Overall past 5 years show stable revenue and Net income growth. If comparing 3Q accumulative last 12 month results (2012 9 months+20114Q) with 2011Y revenue has increased from 46,5 bn.$ to 47,6 bn.$ or +2,2%. Net income has increased from 8,6 bn.$ to 8,8 bn.$ or +2,7%. This growth is quite good if taking into account overall world economy growth slowdown. Larger Revenue and Net Income growth at Y2011 was due to CCE bottling company acquisition. 2010Y financial results have 4,7 bn.$ Net income exuded for unusual items to have a better view of companies generated usual income. Coca-cola main income is from its original North America. There company sale almost 1/2. Since US economy is recovering further growth can be expected. In 2010 companies acquired bottling segments has 2,2 bn.$ or ~17% of total group sales. In general companies results are slightly positive. Companies balance sheet has issues with equity level. Which has droped quite a lot from good 51% at Y2008 and Y2009 to only 38% now. Another issue is Return on equity. It is stable 27%. But knowing that Equity level has decreased quite a lot that is a bad thing. Major decrease was in Y2010, since then equity level has not improved due to increased level of profit sharing with companies shareholders trough share repurchase and dividends. If at Y2008-2009 68-69% of Net Income was spent on Dividends then in 2010-2011 it increased to 75% and 84% so company is basically paying out everything that it earns and not leaving a lot in the company, which is not good for companies long term growth. At first 9 month of Y2012 this level stays at high 80%. On the other hand its not over 100% like in some other companies. At Y2010 company has acquired major bottler CCE with its quite large amount of debts. Although this has increased companies diversification but its ratios has worsened. It would be nice to see company accumulating more equity and deceasing debt level to return into stable balance sheet like it was at Y2009. In general companies balance structure is bit risky.
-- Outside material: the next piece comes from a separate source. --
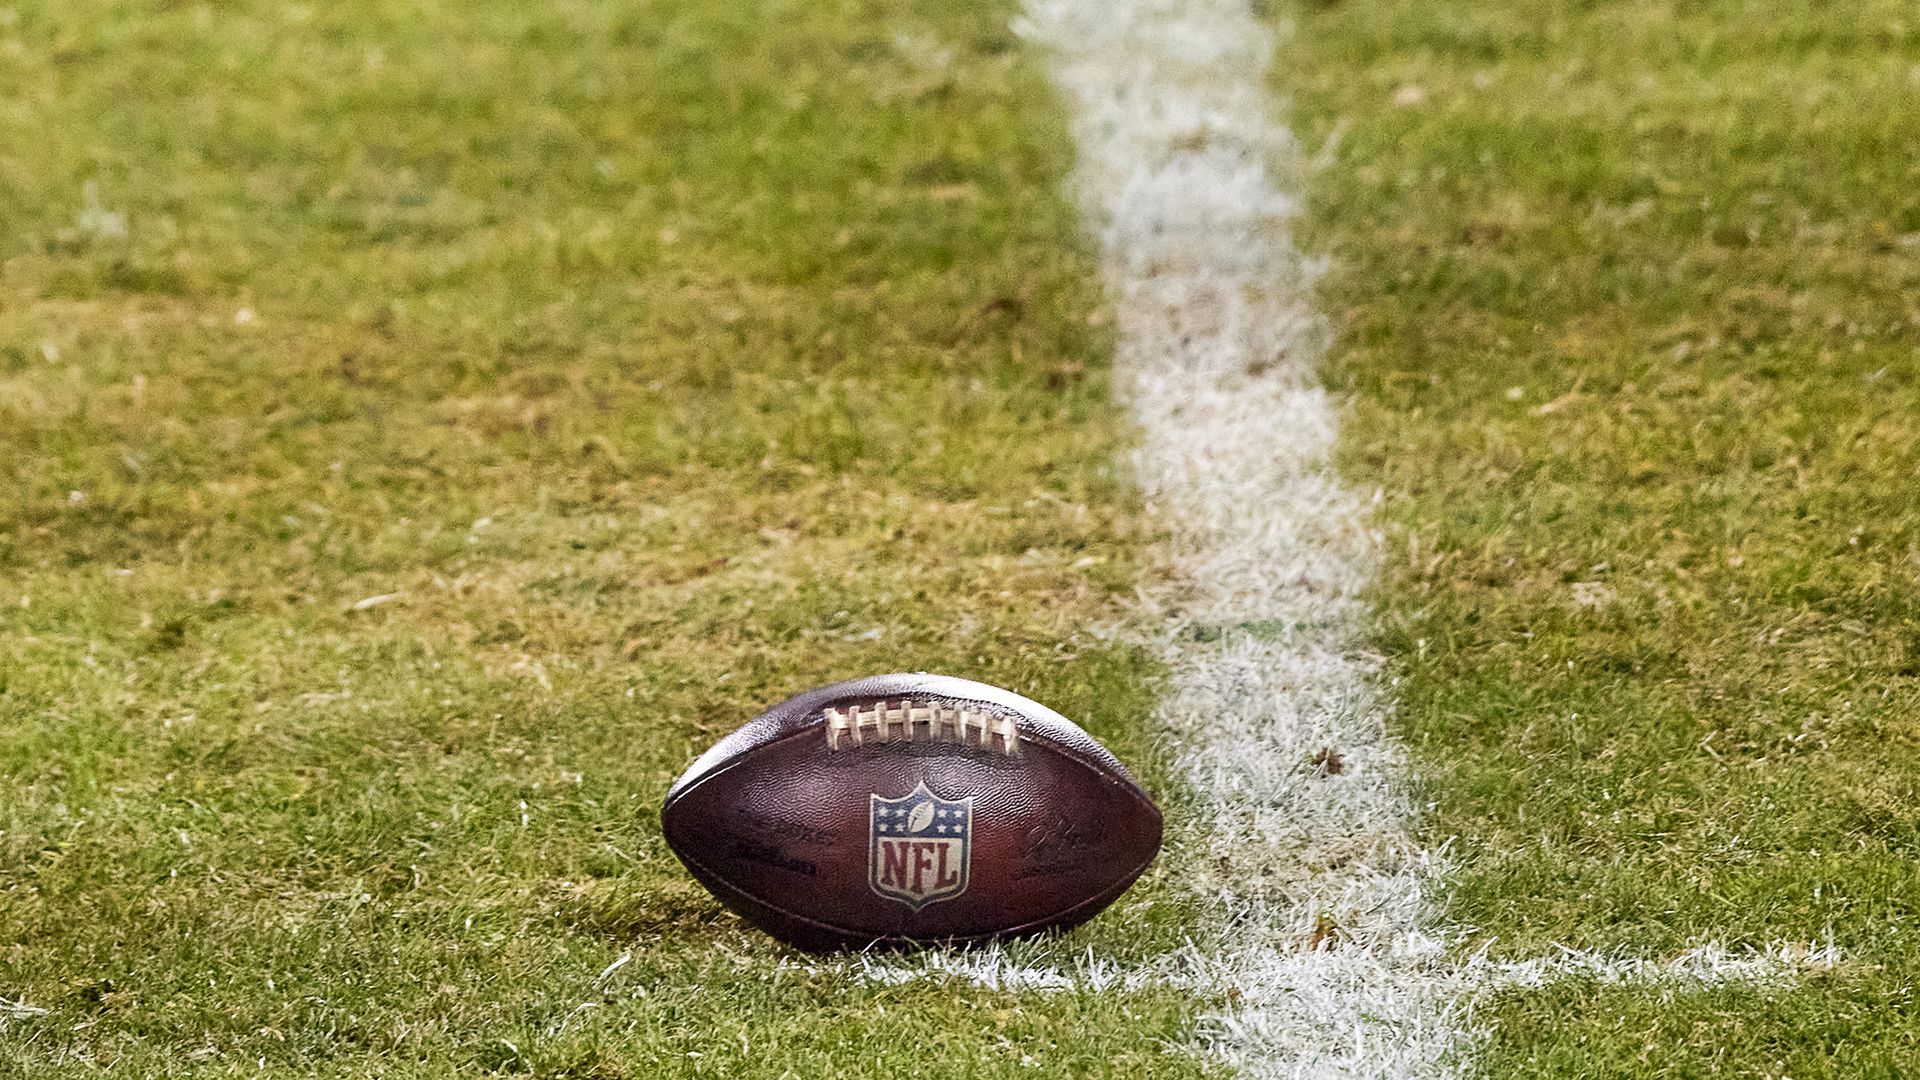 An NFL football on a field.

Share value: Equity / share 33,2 bn.$ 4,486 bn. 7,4 $/sh. Market value 37,1 $ +29,7$ 15,1 years Year Net income before Depreciation 8,8 bn.$ +1,96$/sh. 5,3% Companies share book value is ~7,4$. Current market price is ~37$ which shows that market is paying ~29,7$ more, or more then 15 years of Net Income, which is 8,8 bn.$. This is quite a lot taking into consideration that companies balance structure is a bit risky. Share profitability (Share market price/Net income before Depreciation) is only 5,3% which is lower then average. The only risk lowering factor is stable sector consumer good production. In general share value is very high. Company at the moment pays 1,02$/share annual dividends (0,255$/quarter) before tax or 2,7% investment yield, which is average. Payout ratio is around 50%, which is normal and well balanced cash flow management. 5 year analysis show stable EPS and dividend growth, which is good. Company can be treated as long term stable growth stock. Investment is good for portfolio diversification but to pricey for heavier investment unless it would drop below 32$ or so.